Kraken, the second biggest cryptocurrency exchange in the United States, has stated that it would lay off almost 30% of its workforce, or 1,100 employees.
Jesse Powell, the co-founder of Kraken, made the news on Wednesday. Powell highlighted macroeconomic and geopolitical issues as weighing on financial markets and noted that the company’s downsizing decision is a correction of growth from the previous year when crypto values hit all-time highs, and the industry’s prospects were considerably better than they are now.

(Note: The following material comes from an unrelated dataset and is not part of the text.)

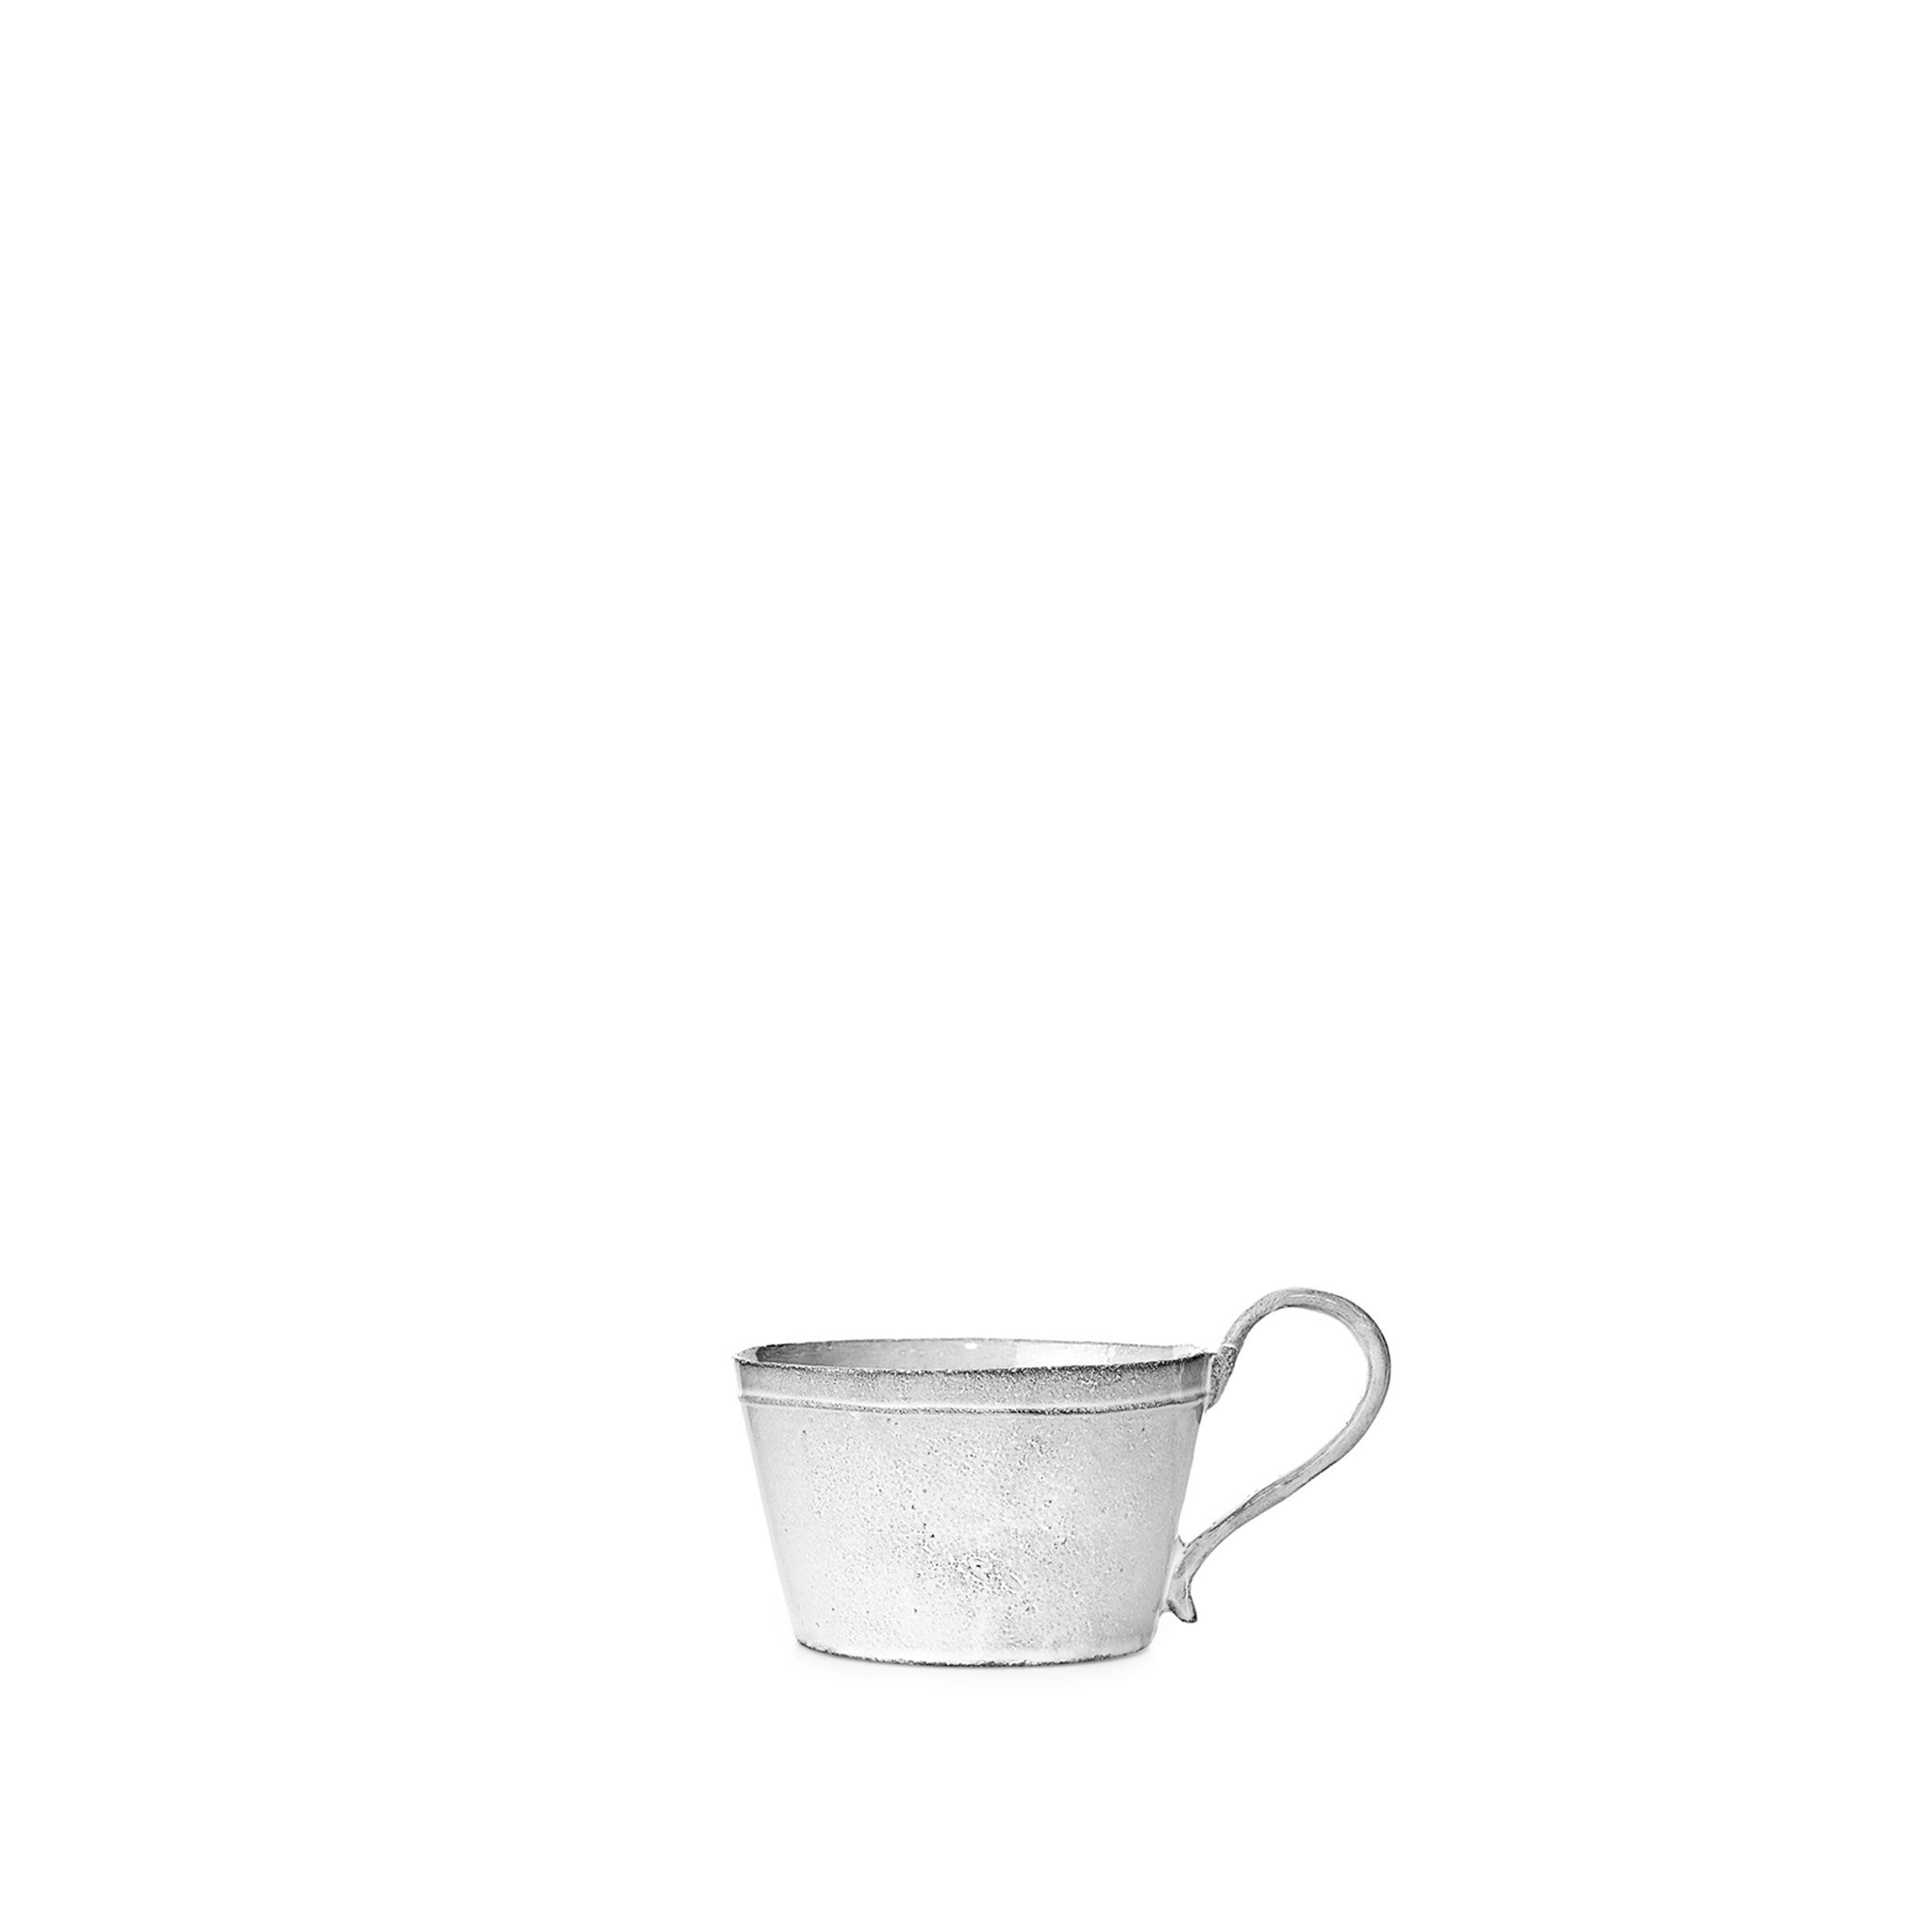 Simple Hot Chocolate Cup by Astier de Villatte, 11cm
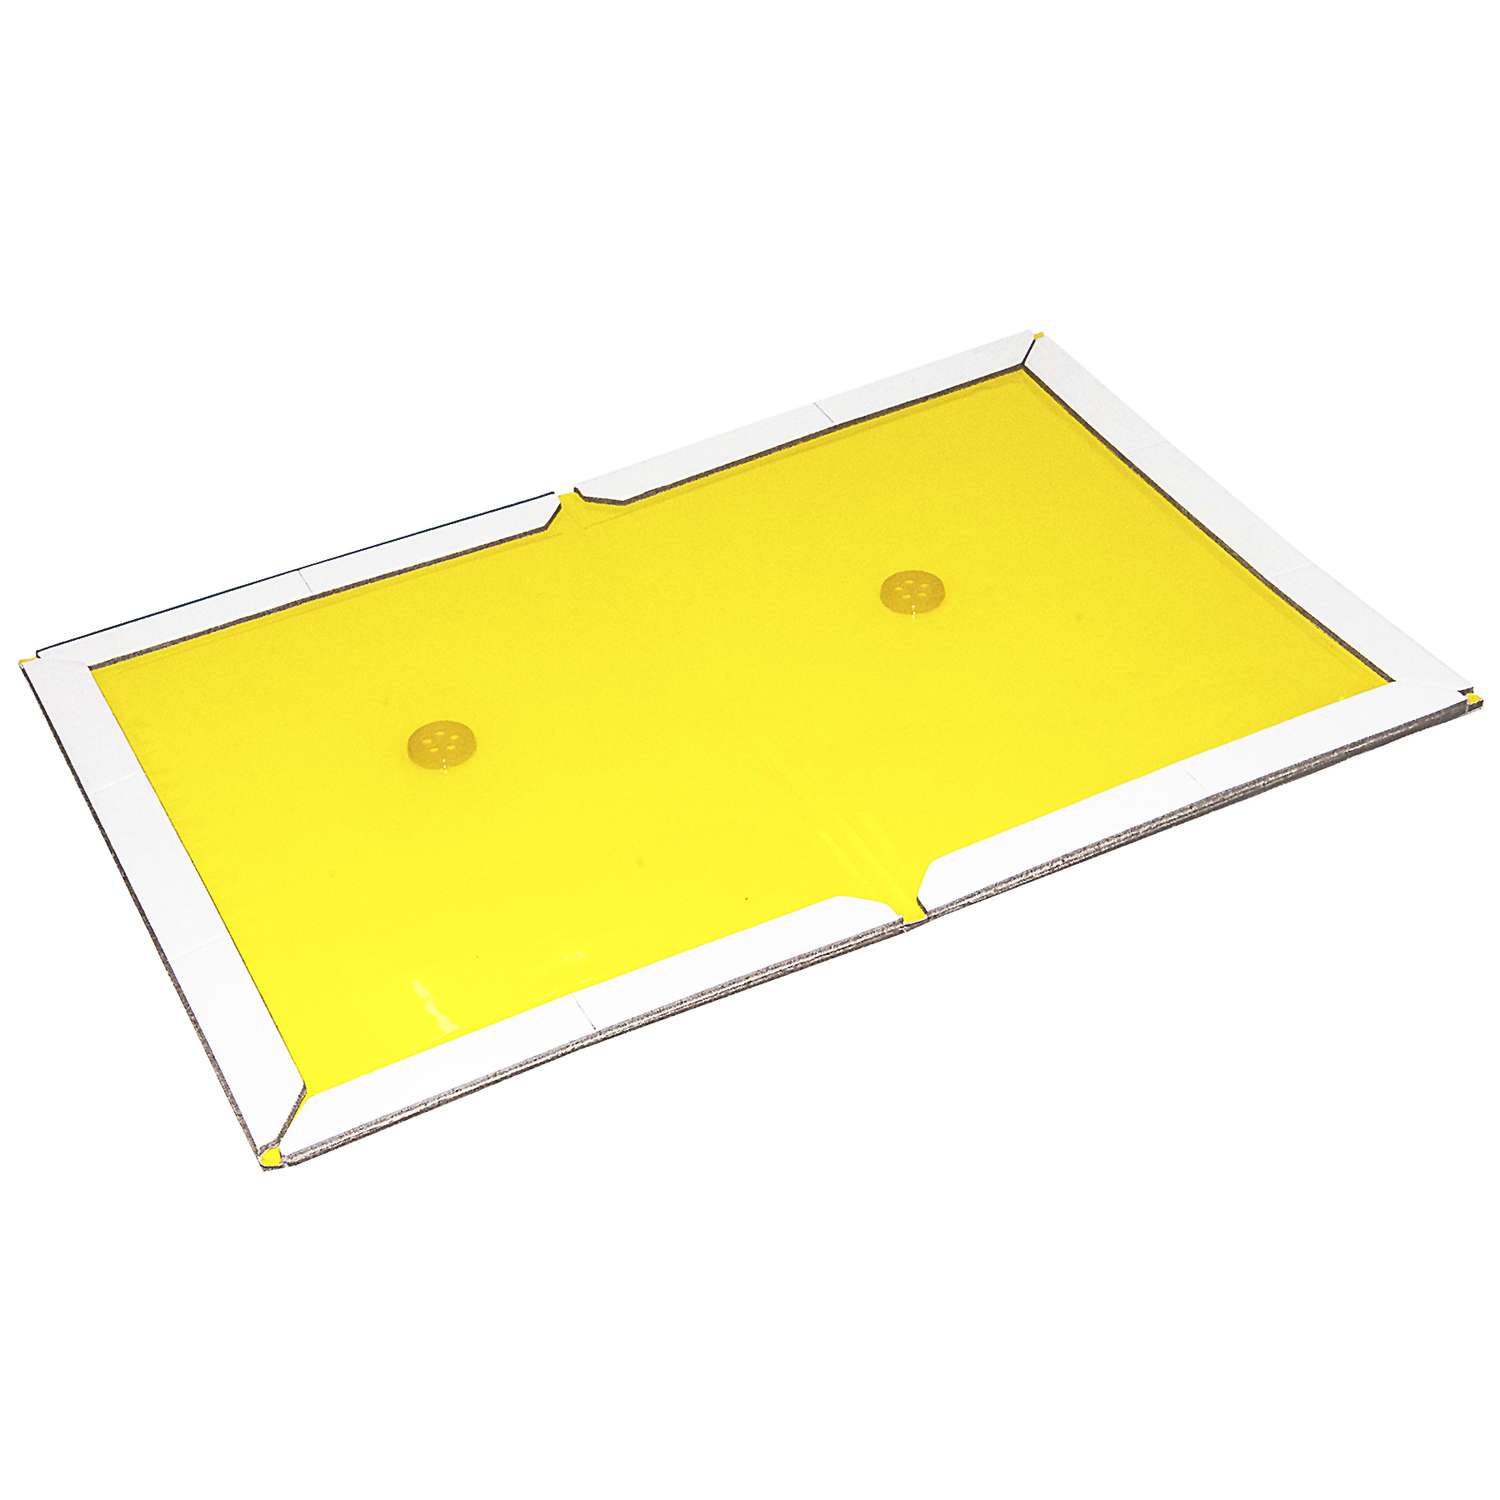 Max Catch Glue Board Traps - Unscented 36 Count

Lower trading volumes and a fall in client sign-ups under uncertain market circumstances, according to Cointelegraph, have contributed to the company’s decision to cut down on spending by slowing down its recruiting efforts to avoid making huge marketing commitments.
Kraken has said that employees who are let off would get a fair severance package that includes separation pay for 16 weeks of basic pay, performance incentives, and four months of healthcare coverage that includes
- counseling,
- immigration help, and
- career support.
Rough day at @krakenfx. Headcount rolled back 12 mos. Macro was already tough and we held out but recent industry woes diminished near-term optimism about a crypto rebound. Better positioned now. Glad we were able to take good care of our former colleagues. Been a privilege. 🙇♂️ https://t.co/xfwShapS2N
— Jesse Powell (@jespow) November 30, 2022
Kraken’s plan to shrink follows the bankruptcy of FTX earlier this month. The company’s reduction efforts are also a full 180-degree turn from when it stated in mid-June that it was trying to fill 500 jobs in a worldwide recruiting campaign.
Jesse Powell, the company’s CEO, announced his resignation and that COO Dave Ripley would take over. On the other hand, Powell signed off on the downsizing statement as CEO and founder.